An "Organized" Nightmare

I'm guessing you've probably worked in a database that has hundreds or thousands of database objects:

lots-of-tables

I often come across this in applications where for one reason or another someone decides that there is no need to separate apps into different databases; why bother creating different databases when you can have lots of different schemas to organize your objects instead!? (*cough* vendor applications *cough*).

The problem with these enormous lists of tables, procedures, functions, etc... is that it can get pretty tiring to scroll through them to find what you need.

For years I wore down my mouse's scroll wheel, scrolling between thousands of objects across multiple server instances.  As it turns out, SSMS has a much better feature for handling this problem.

Filtering Objects in SSMS

You can apply filters to most objects in SSMS by right clicking and choosing "Filter Settings":

filter-settings

You can filter on attributes such as name, schema, create date, etc...:

filter-settings-dialog

For example, if I want to see only tables that are in the Travel schema, all I have to do is create a filter:

FILTER-SETTINGS-DIALOG-FILLED-IN-1

SSMS will even tell me that my list of objects is filtered so I don't go crazy later on wondering where all of my other tables went.

FILTERED-TABLES

Limitations

There are a few limitations with using SSMS object filters though.

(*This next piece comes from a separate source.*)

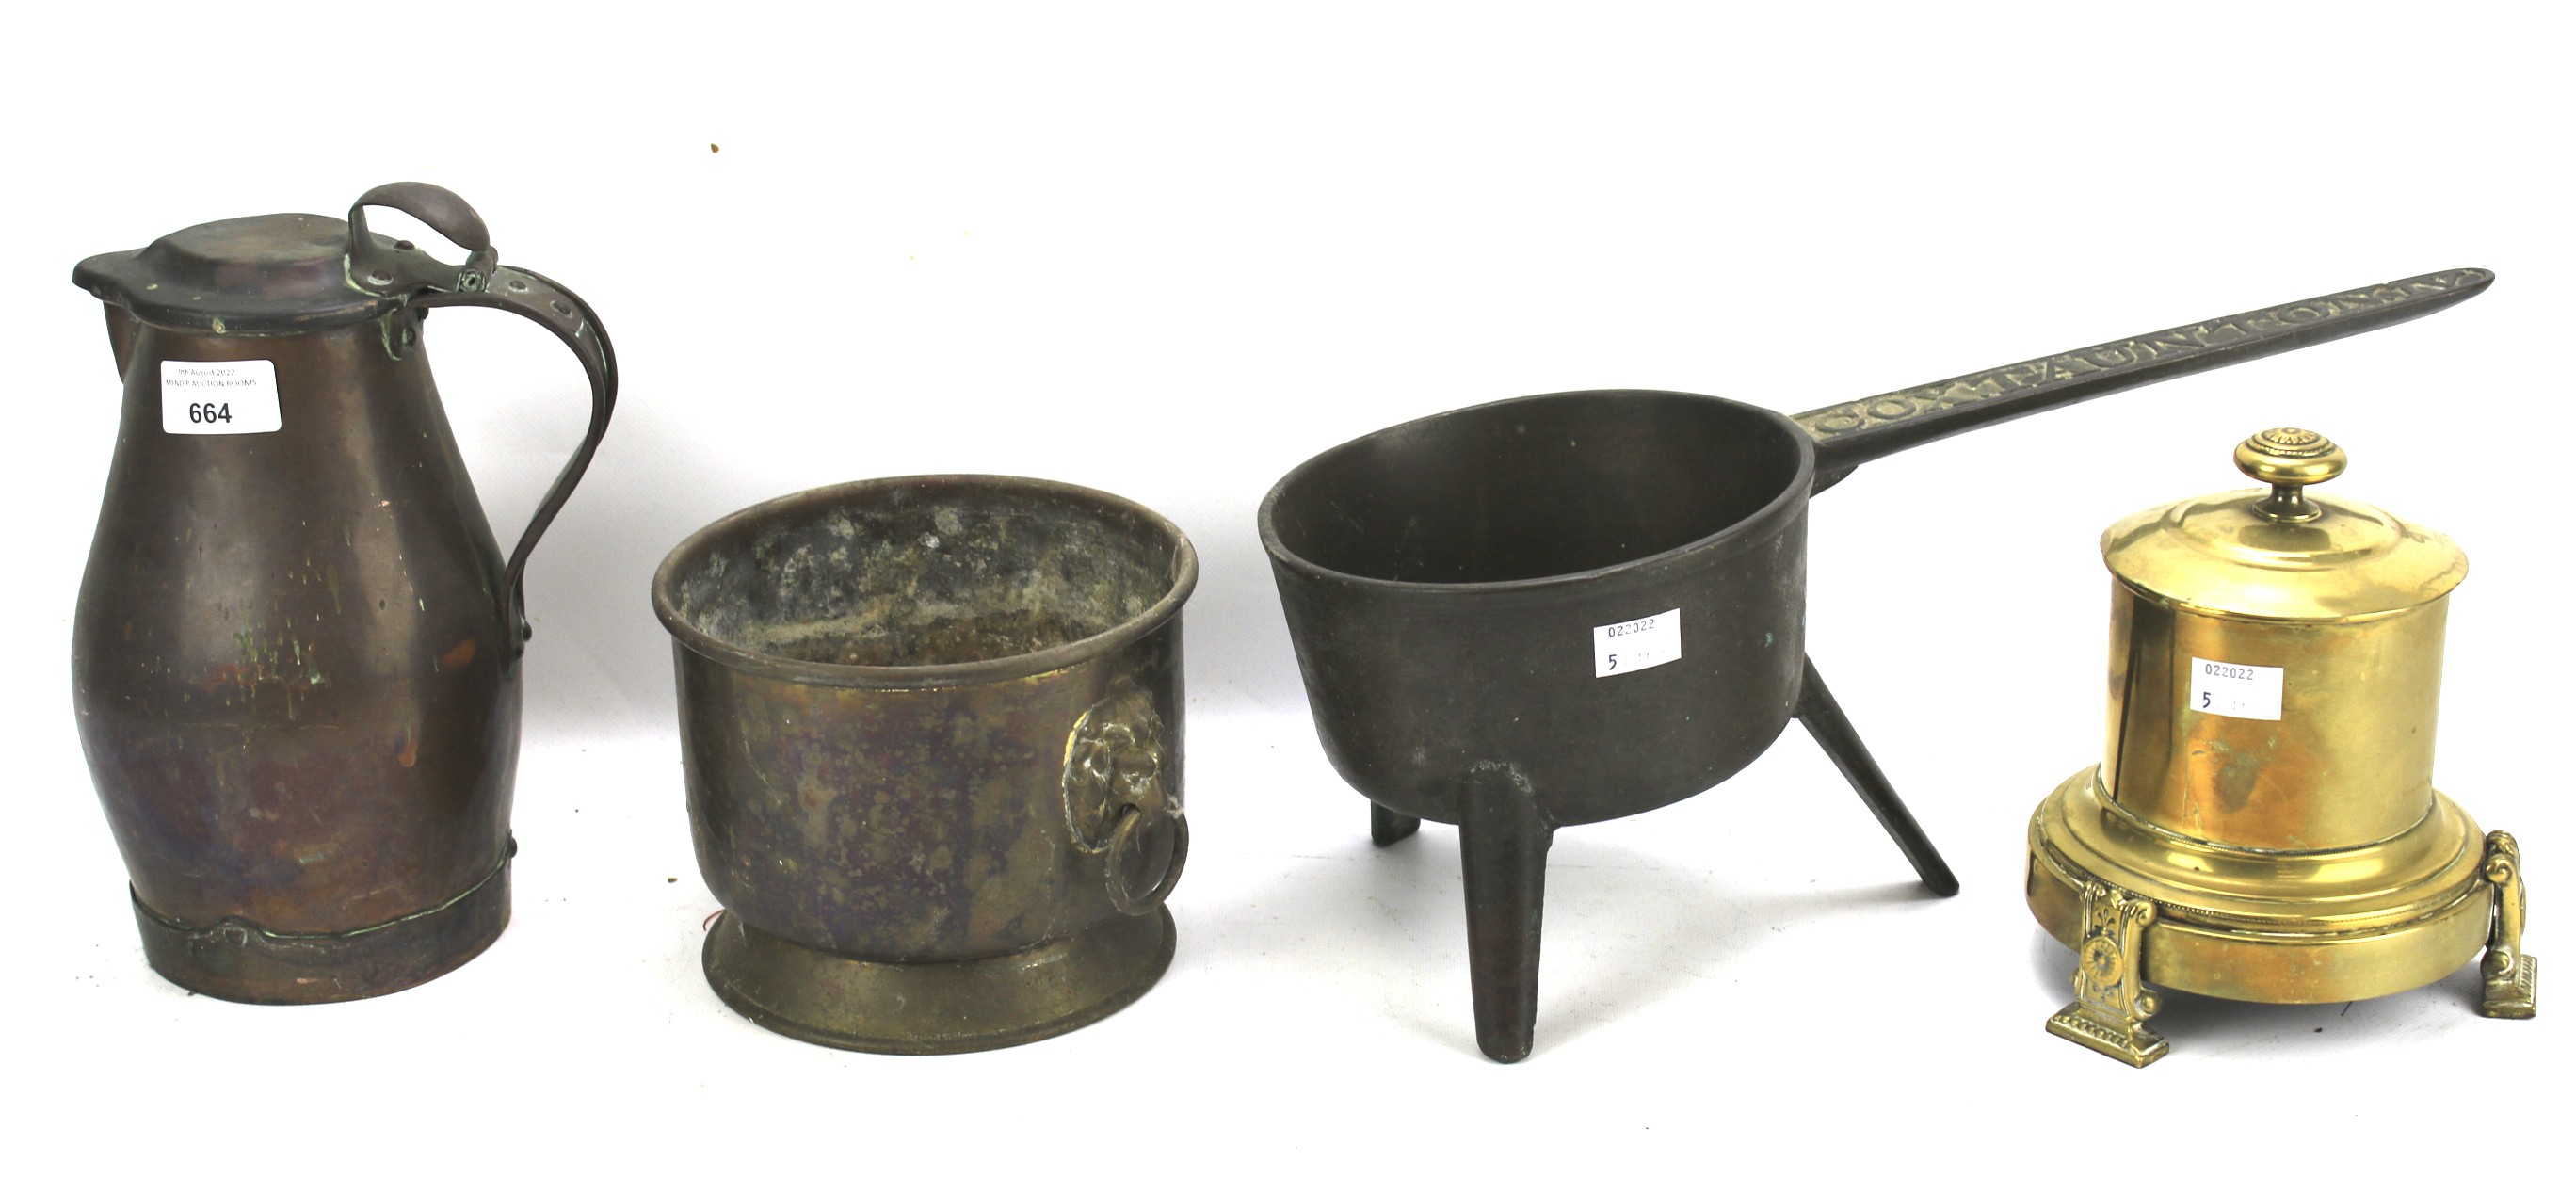 A Cox Taunton trivet pan and an assortment of metalware.

For example, the different filter attributes work together as if they had "AND" operators between them, so you can do something like filter on tables in the Travel schema that contain the letter "a":

and-filter

However, there is no way to write multiple conditions with OR logic (eg. you can't filter on the schemas "Travel" OR "Lodging").

And while SSMS will indicate that your objects are filtered, it won't persist that filter after restarting SSMS.

Even with those drawbacks, I've used this filtering feature at least once per week since learning about it; it saves a lot of time and I can't believe I went so long without knowing about it.